BU-704e: Battery for Personal and Fleet Use

It is interesting to observe that batteries cared for by a single user generally last longer than those operating in an open fleet system where everyone has access but no one is responsible. A personal user is one who operates a mobile phone, a laptop or digital camera for business or pleasure. He or she usually cares for the battery and makes all efforts to follow the recommended guidelines. With time, the user gets to know the battery like a good friend, and critical failures are rare because the owner adjusts to the changing condition, lowers expectations and replaces the pack when it becomes a nuisance.
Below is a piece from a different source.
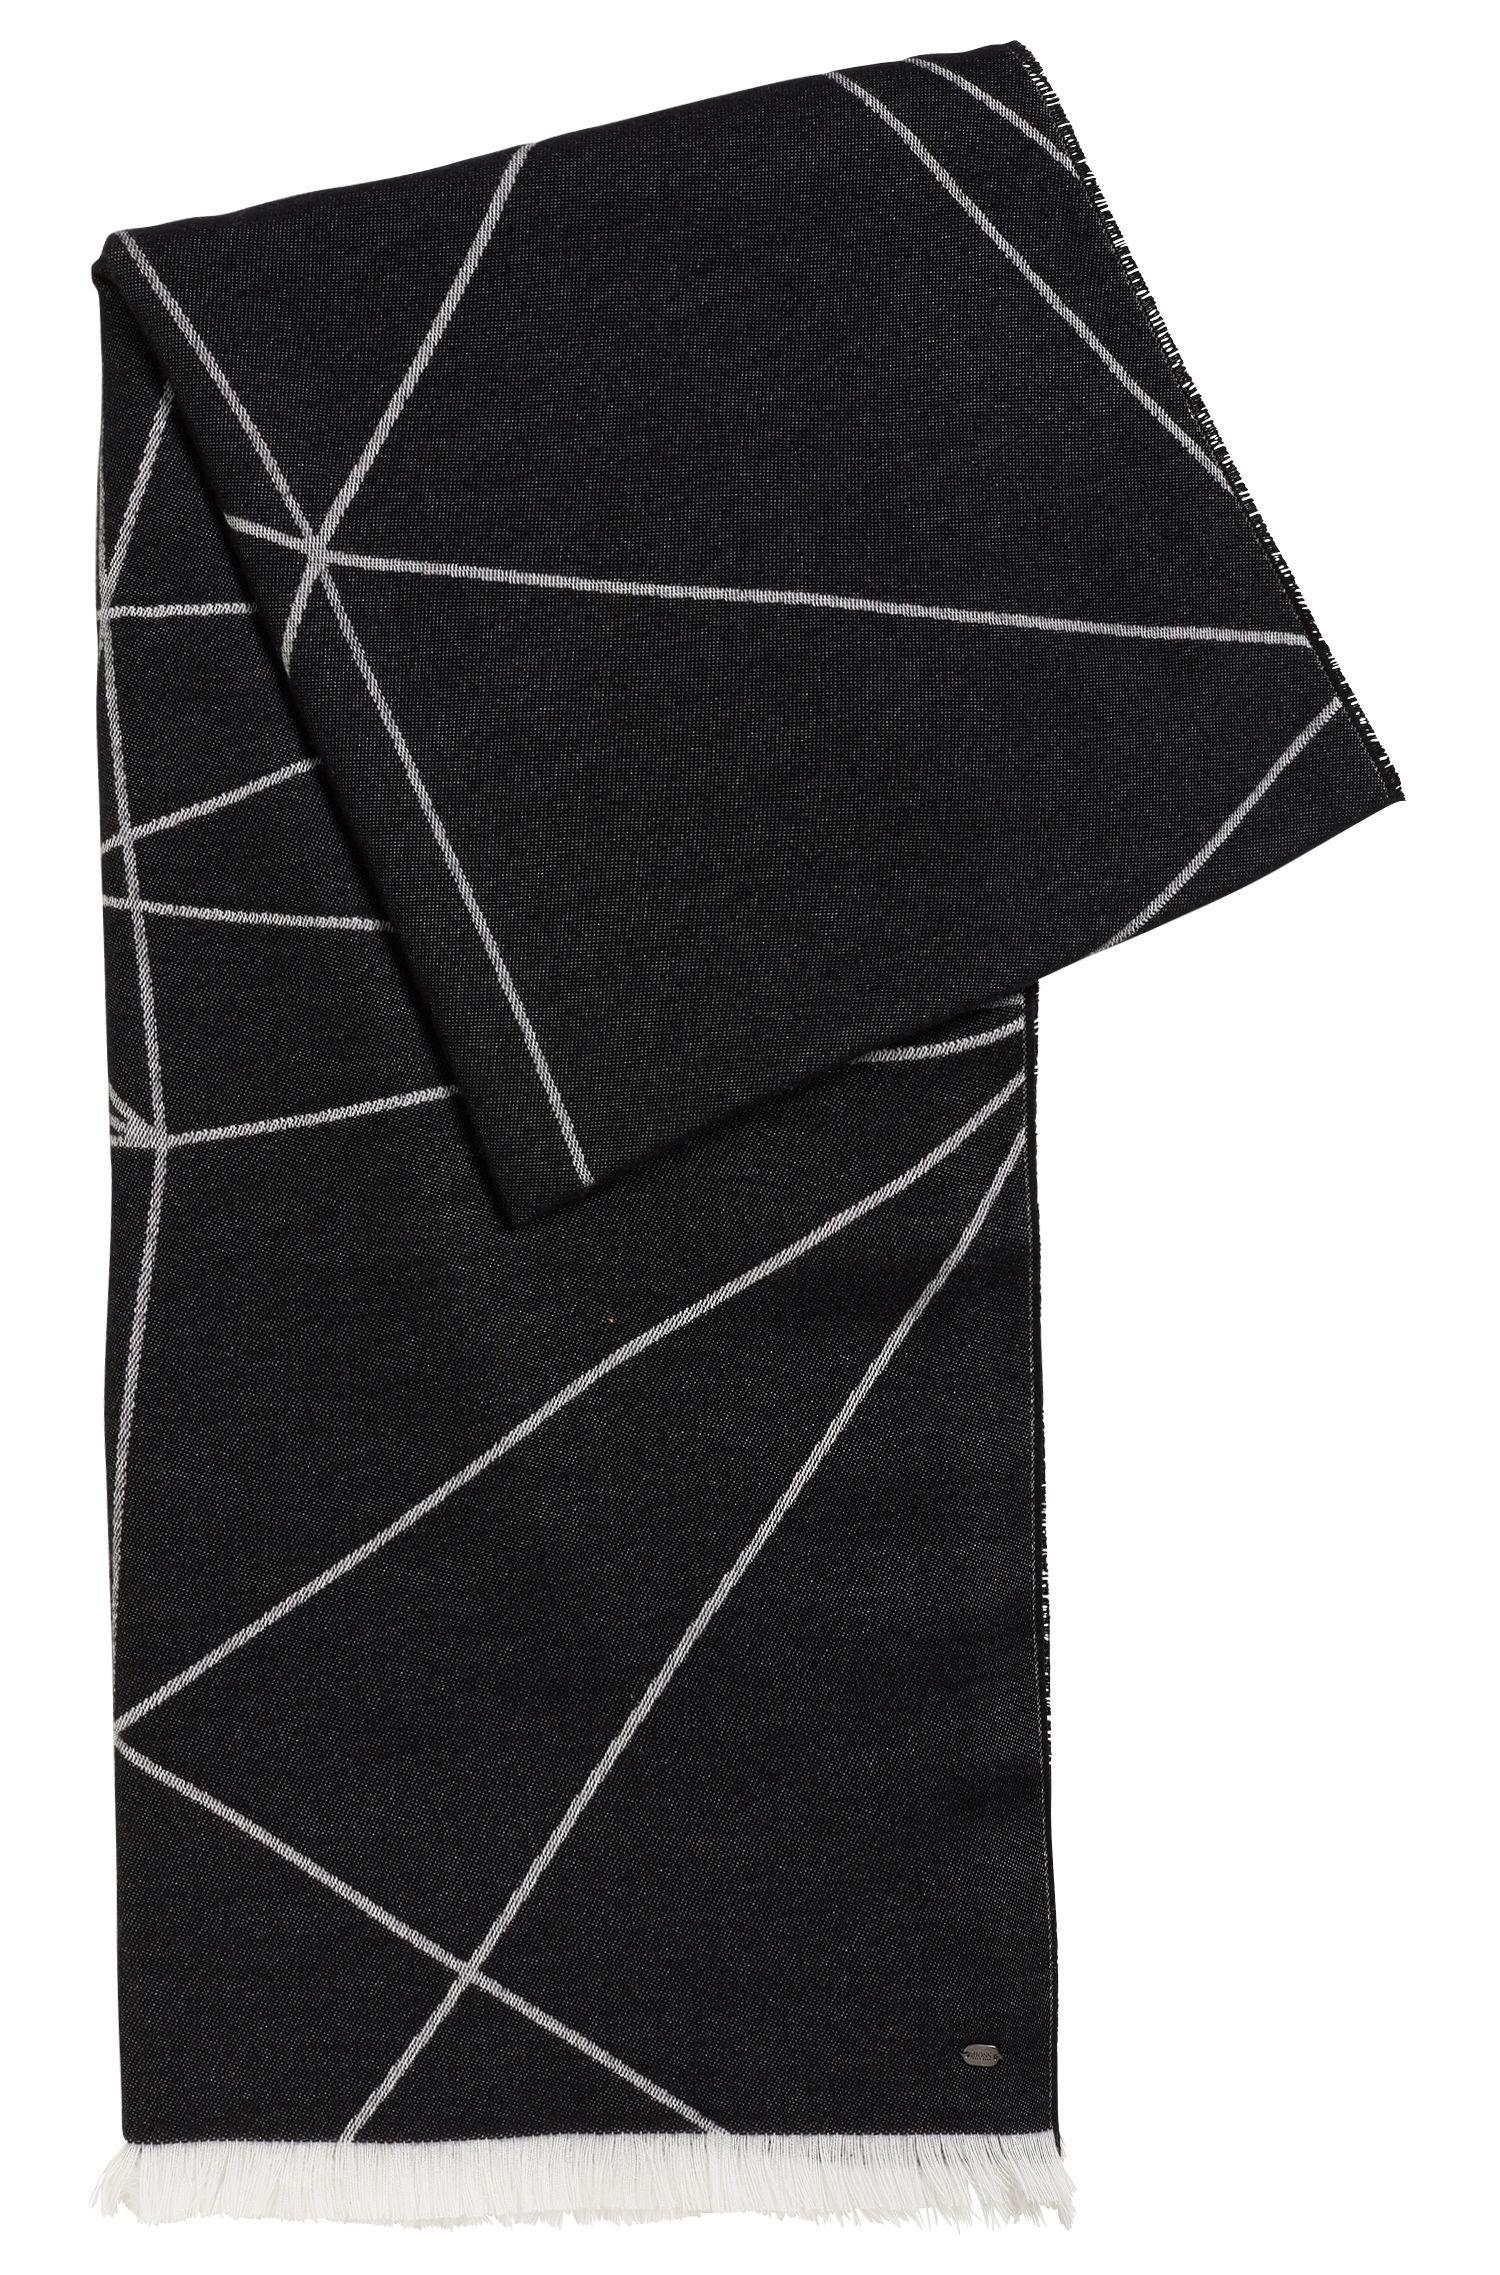 'Scarf Jacquard' | Geo-Print Stretch Cotton Scarf

The desire to care for the batteries is not witnessed among fleet users. The packs belong to a pool of unknown batteries and operate in a sharing arrangement. While an individual user can live with reduced runtime, the fleet operators have little attachment to the battery and show no patience with anything that is less than perfect. They grab a battery from the charger and expect it to last through the shift. At the end of the day, the battery is plugged into the charger again, ready for the next user. Having serviced batteries for fleet users for many years, I noticed shorter service life on fleet packs than those for personal use.

How can fleet batteries be made to last longer? I made an interesting observation on battery life in comparing two defense organizations, the US Army and the Dutch Army, both of which I had the pleasure of visiting. The armies in question use fleet batteries and deploy them similarly with the following exception.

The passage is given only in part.